The municipality of Monte Romano, like many of the towns in Tuscia, was characterised by the Etruscan and Roman presence.
The village developed around a road (today's Aurelia Bis) and is located within a valley at the foot of the Rotonda, a very special hill with a summit formed by centuries-old oaks.
It was in this grove of oak trees that the first settlement of Monte Romano, the ancient Arx Montis Roman, was born.
The high position gave it a natural defence against attacks and easy control over the surrounding lands.
After the destruction of the Arx Montis Romani, this territory with the Monte Romano estate and the Rocca Respampani, became the property of the Ospedale del Santo Spirito in Sassia, which exploited these lands by imposing a more structured agricultural organisation on them.
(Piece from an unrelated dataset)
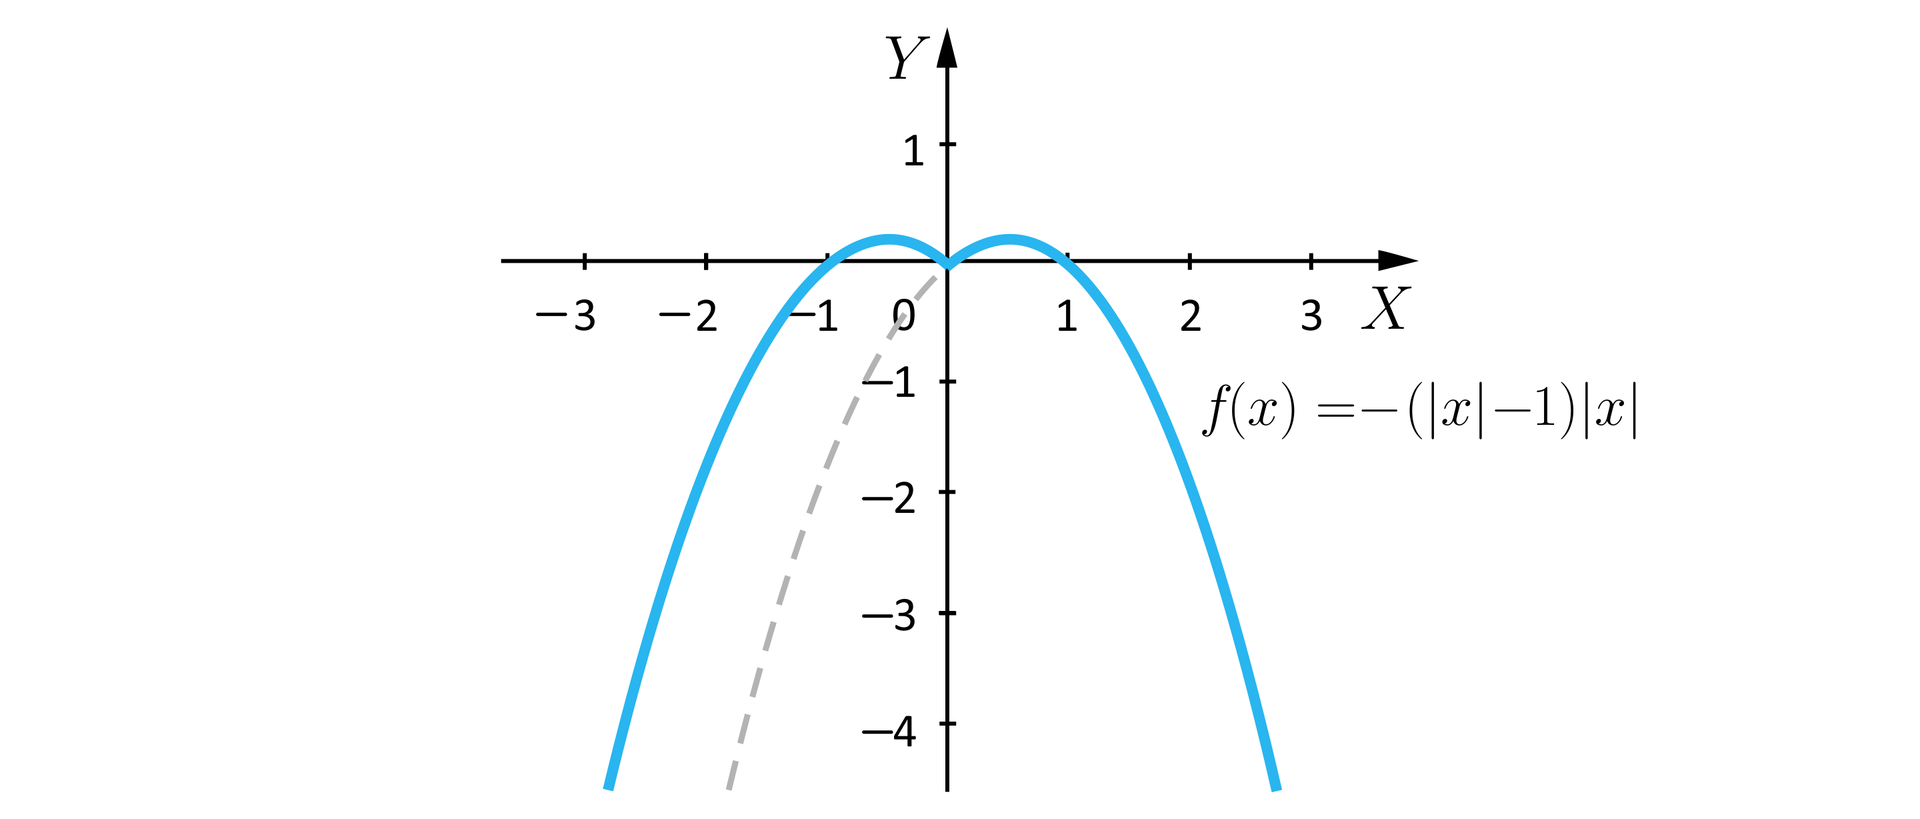 Ilustracja przedstawia układ współrzędnych z poziomą osią x od minus 3 do 3 i pionową osią y od minus 4 do jeden. W układzie zaznaczono wykres o równaniu fx=−x−1x. Wykres ma kształt przypominający dwie połączone ze sobą parabole o ramionach skierowanych w dół. Wykres rozpoczyna się w trzeciej ćwiartce układu i biegnie po łuku przecinając oś x w punkcie nawias minus jeden średnik zero zamknięcie nawiasu do punktu znajdującego się w drugiej ćwiartce układu, dalej biegnie po łuku do punktu nawias zero średnik zero zamknięcie nawiasu, stąd biegnie po łuku do punktu znajdującego się w pierwszej ćwiartce układu, skąd biegnie po łuku przecinając oś x w punkcie jeden średnik zero zamknięcie nawiasu i wychodzi poza płaszczyznę układu w czwartej ćwiartce. Ze środka układu współrzędnych linią przerywaną poprowadzono łuk, równoległy do pierwszego fragmentu wykresu.

The peasants who worked these lands first settled in the old dwellings on the hill and later further down the valley, giving rise to the future colony of Monte Romano.
However, it was in the following century, the 18th, that the real development of Monte Romano took place, with the construction of new architectural elements, such as the Prisons and the Clock Tower, the
Mascherone Fountain and much more.
The route then continues to Civitella Cesi, a village (a hamlet of Blera) perched on a small tuff tongue lapped by the Borgonero ditch to the southwest and the Petrella source ditch to the northeast.